Vladimir Putin can't be serious. He says in a recent speech that:
"Regarding the problematic pages in our history, yes, we do have them, as does any state."
"But other countries have also known their bleak and terrible moments."
"In any event, we never used nuclear weapons against civilians, and we never dumped chemicals on thousands of kilometres of land or dropped more bombs on a tiny country than were dropped during the entire Second World War, as was the case in Vietnam."
"Problematic"? Is that we he calls the deliberate starvation of 15 million Ukranians by Joseph Stalin in the 1930s? It's true the Soviets never dropped an atomic bomb (though they certainly threatened to do so often enough), but the U.S. nuclear attacks on the Japanese, who had initiated war with us in 1941, took some 200,000 lives. Uncle Joe killed that many of his own countrymen on an average afternoon in the 1930s.

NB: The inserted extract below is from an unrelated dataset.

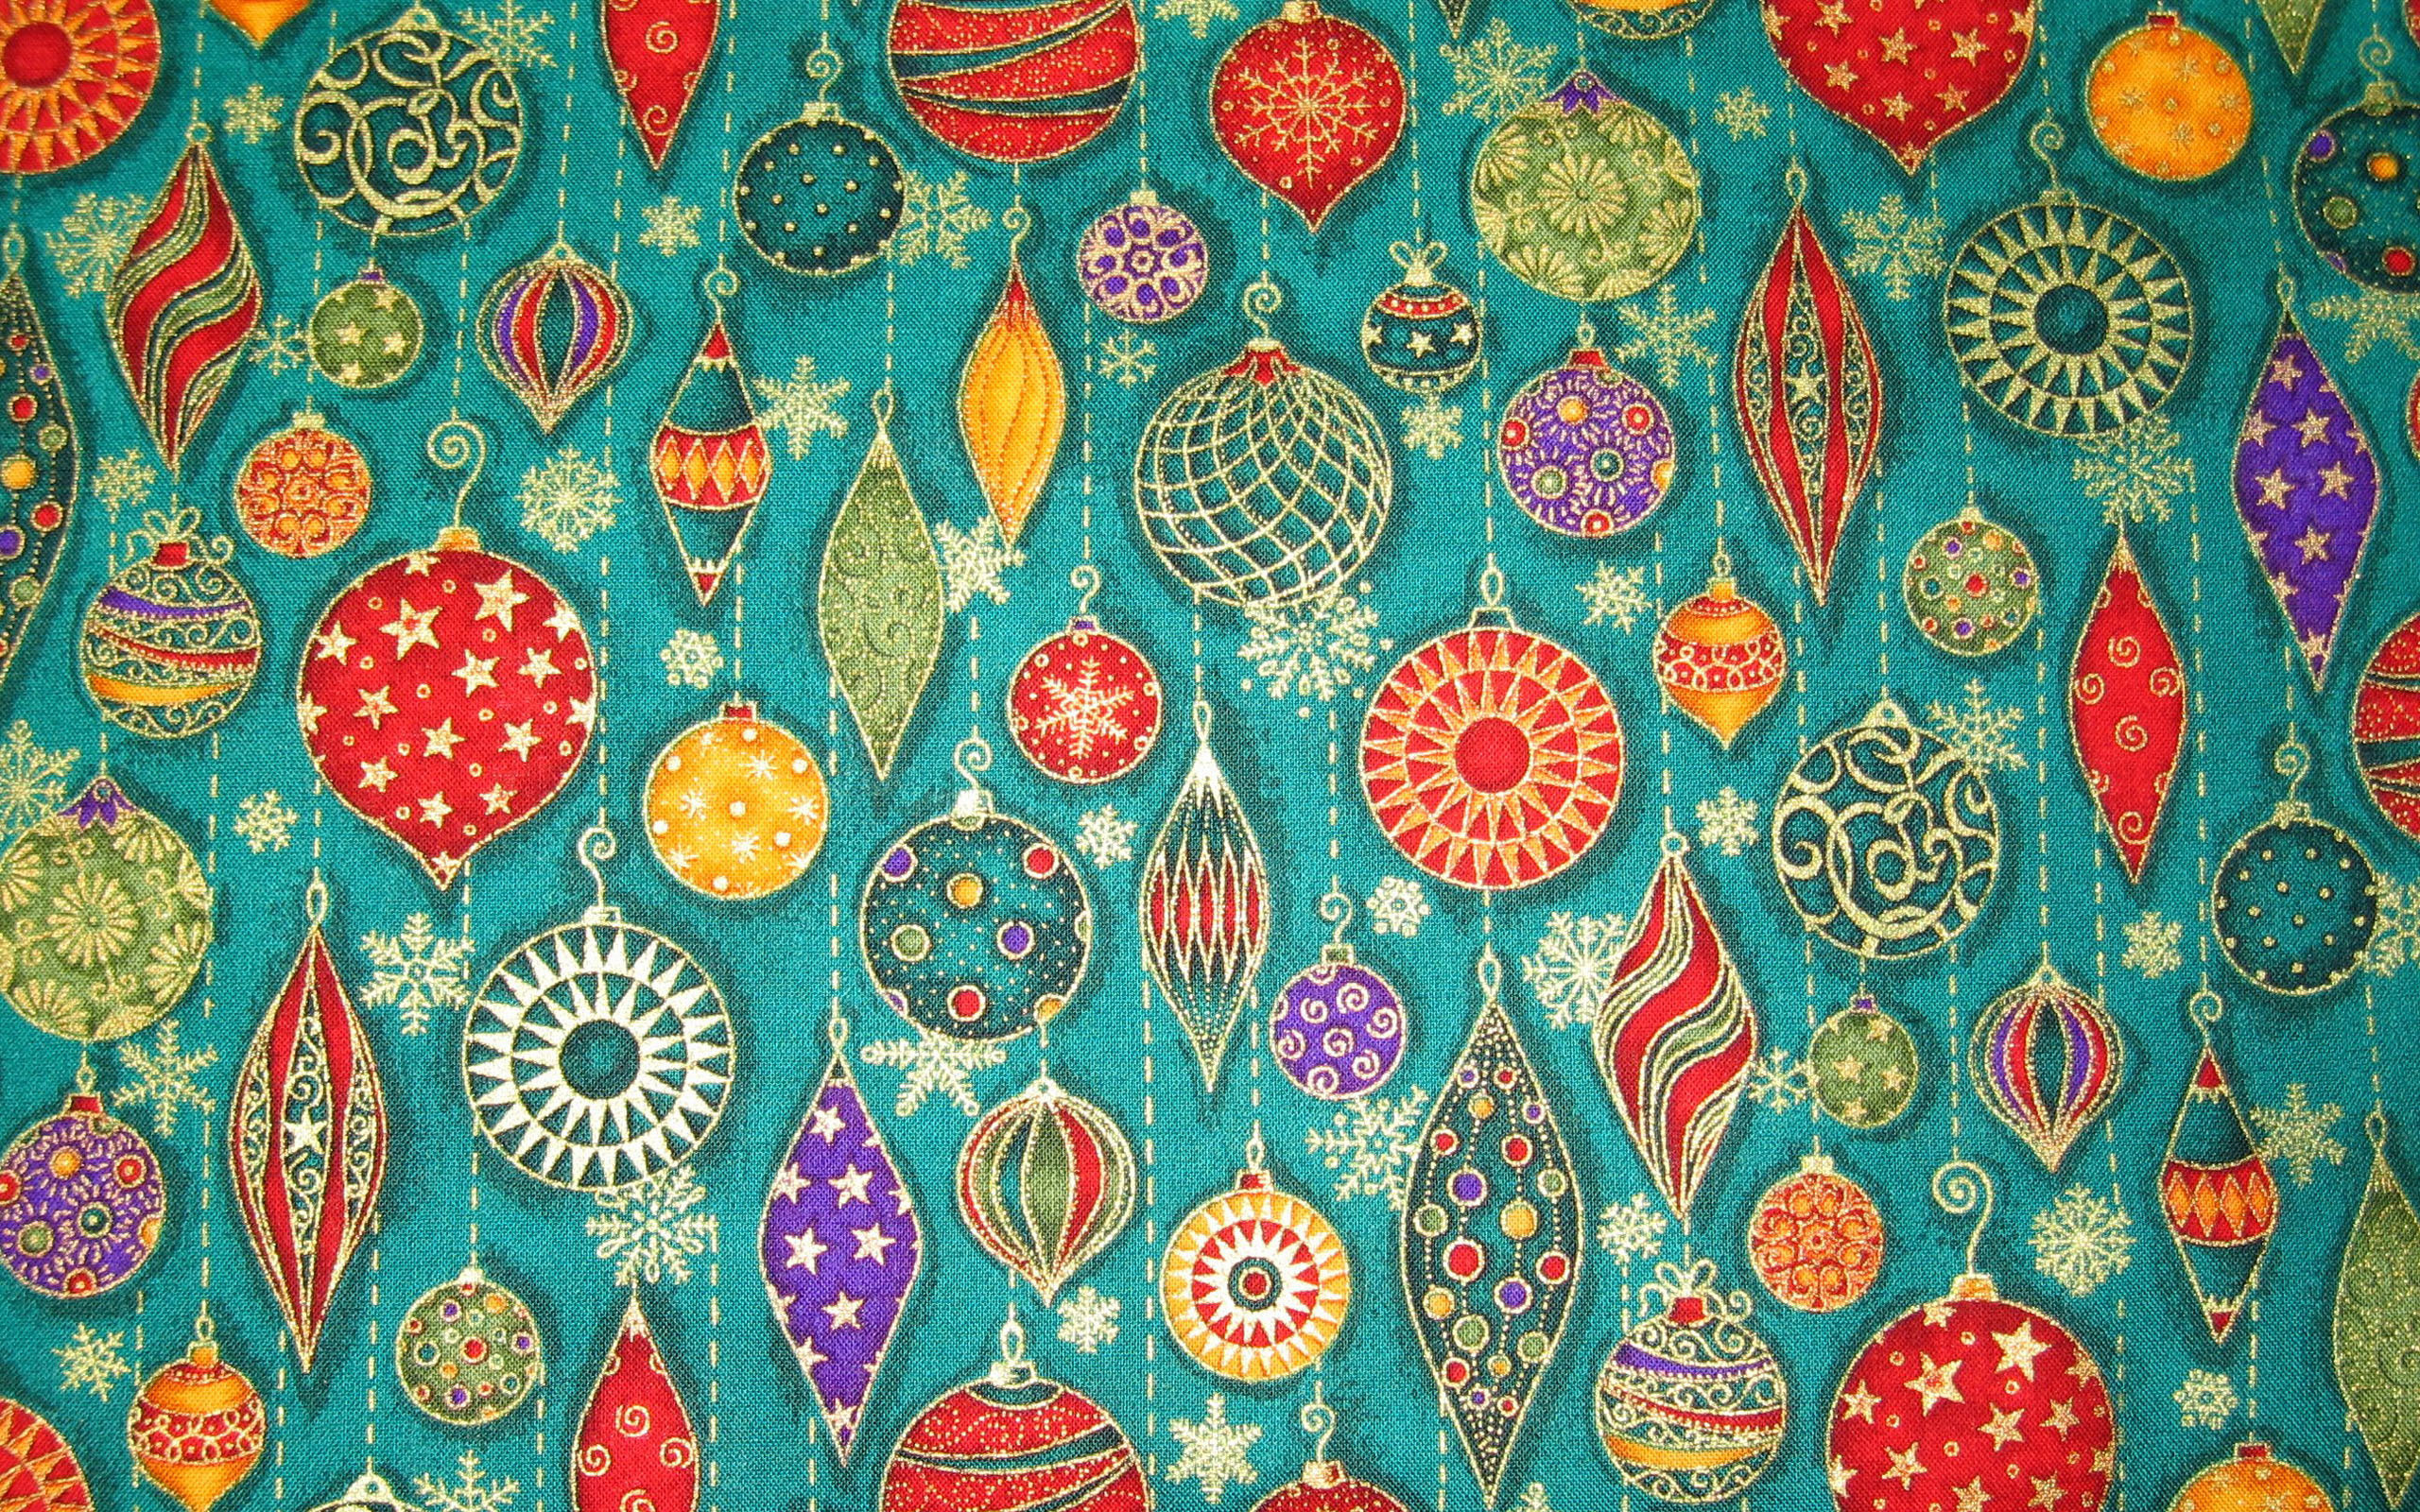 Tapestry Wallpaper Desktop ①

As for dropping bombs on tiny countries, the Soviets didn't refrain from bombing people out of some moral scruple. They didn't bomb because they didn't have to. They destroyed the souls and lives of two generations of East Germans, Czechs, Poles, and Hungarians with their armored infantry forces in the fifties and sixties.

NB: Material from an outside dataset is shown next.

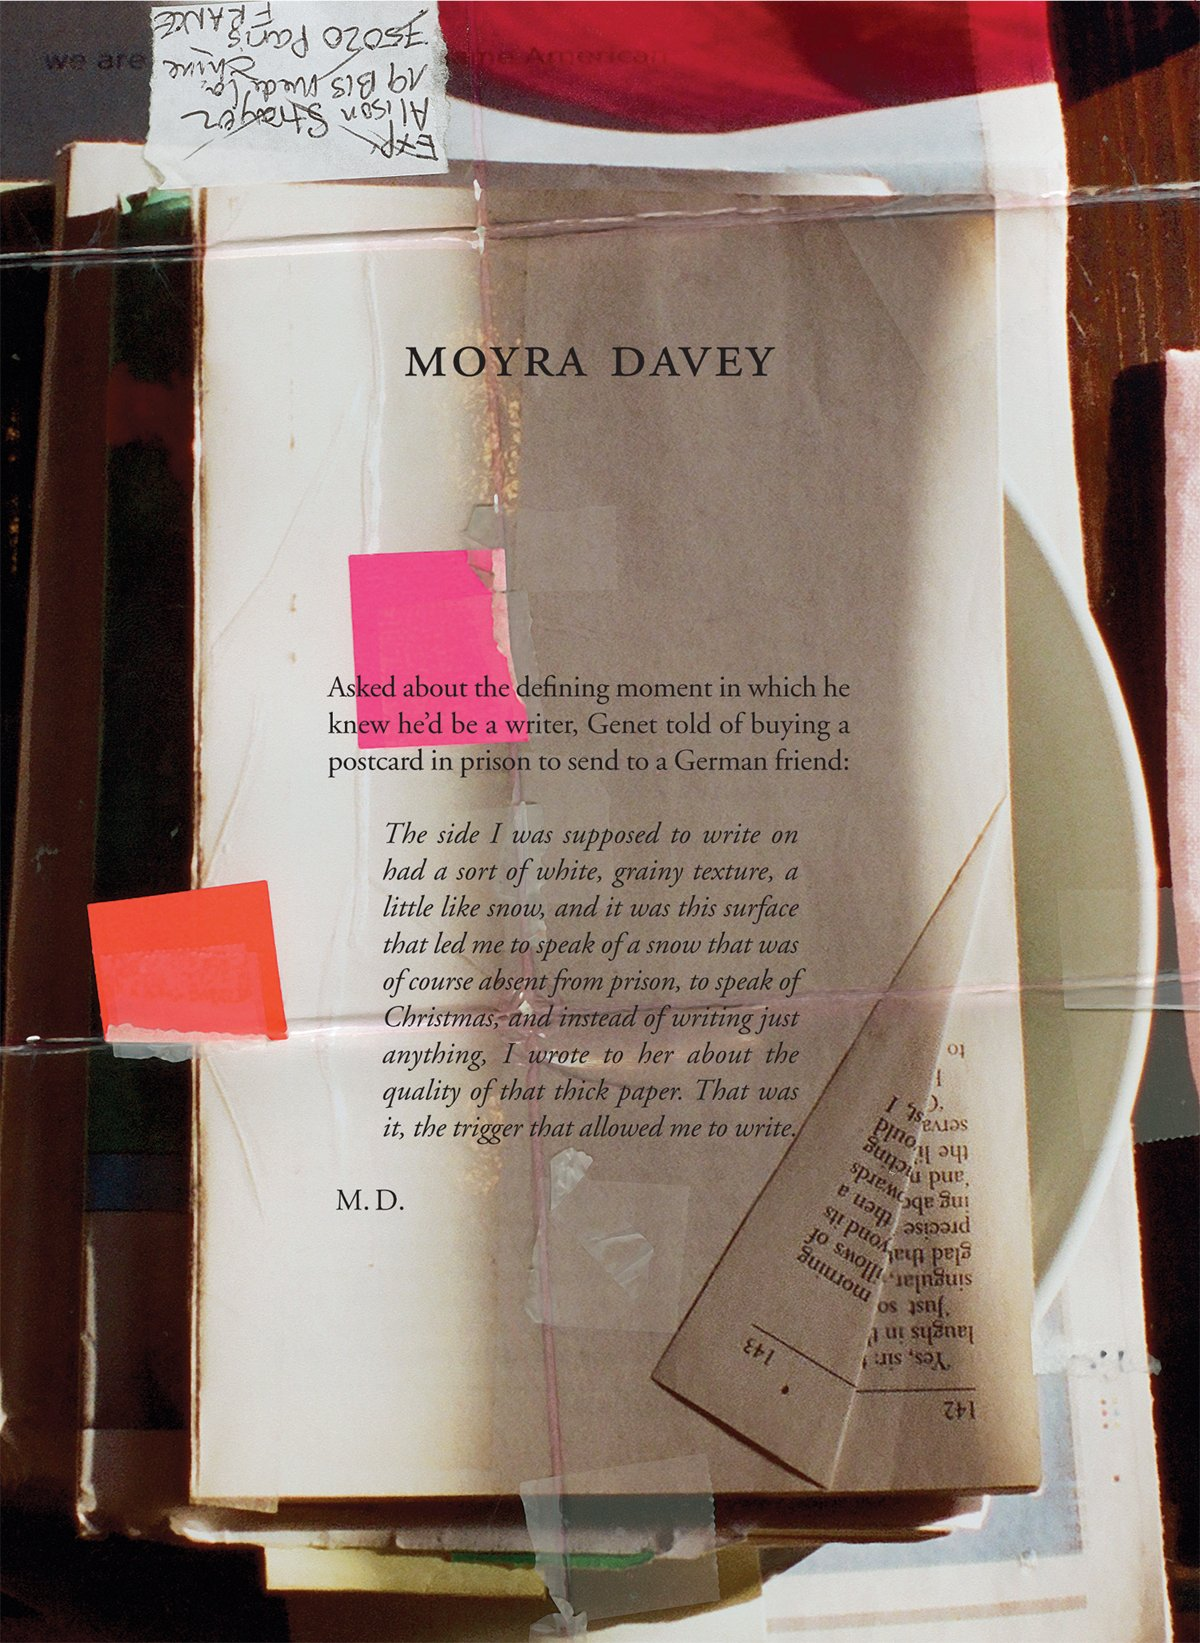 Moyra Davey: Burn the Diaries

Moreover, hundreds of thousands, if not millions, of political and religious dissidents languished and perished in the Soviet gulag during the thirties, forties, and fifties.

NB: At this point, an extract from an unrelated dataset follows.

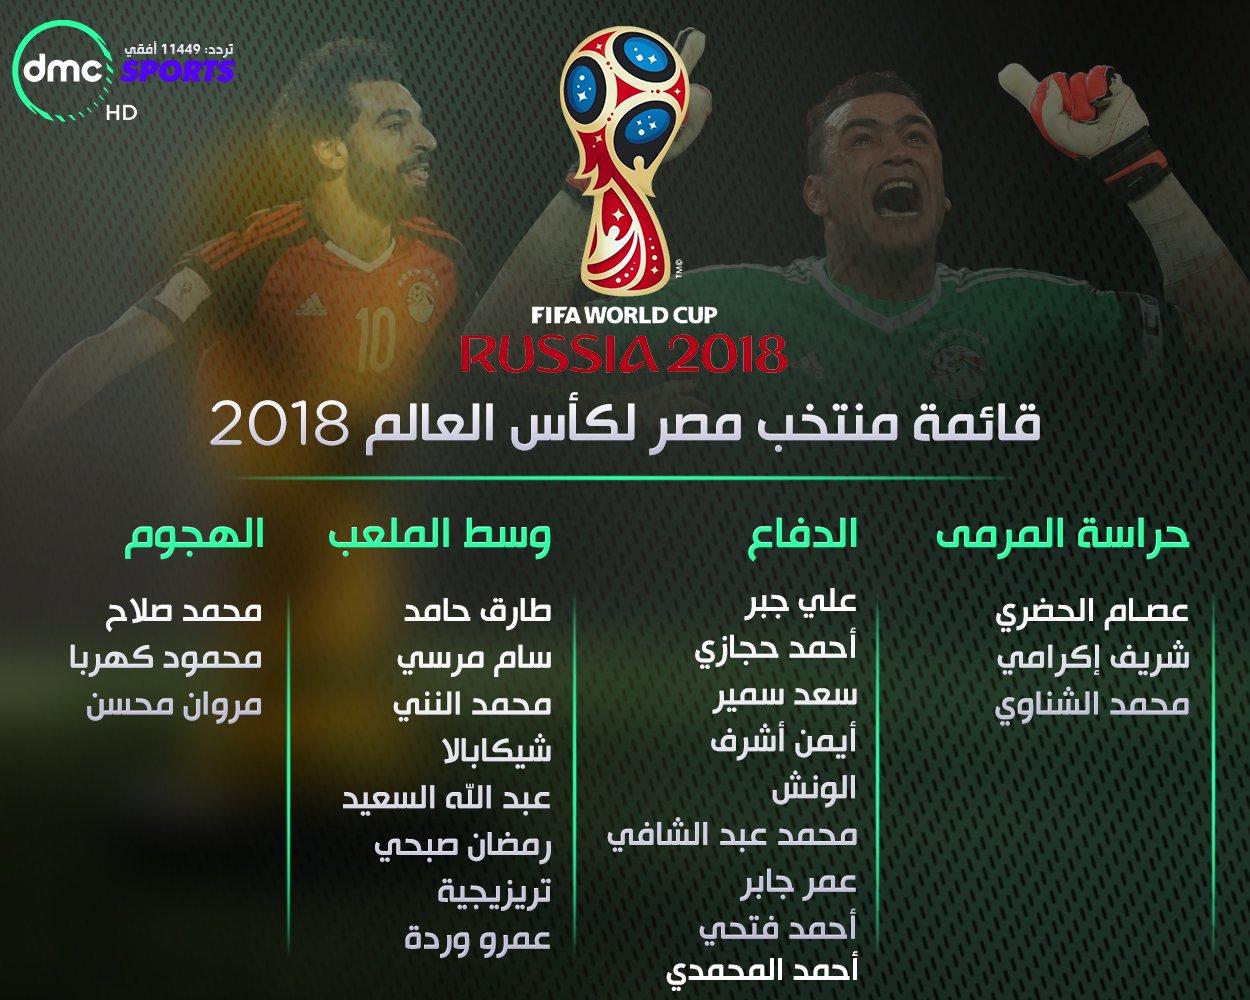 Dmc Sports On Twitter قائمة منتخب مصر لـ كأس العالم روسيا

The Soviets were also responsible for the spread of communism throughout much of Europe and Africa in the fifties, sixties, and seventies resulting in the deaths of millions more.
In all, almost 100 million people perished in the 20th century at the hands of Soviet or Soviet-supported communists and countless other lives were strangled by their oppressive totalitarianism. Some 20 million of those deaths occured within the Soviet Union itself.
I guess that's a "problematic" history, but it's certainly not a history which should be compared favorably with that of the United States.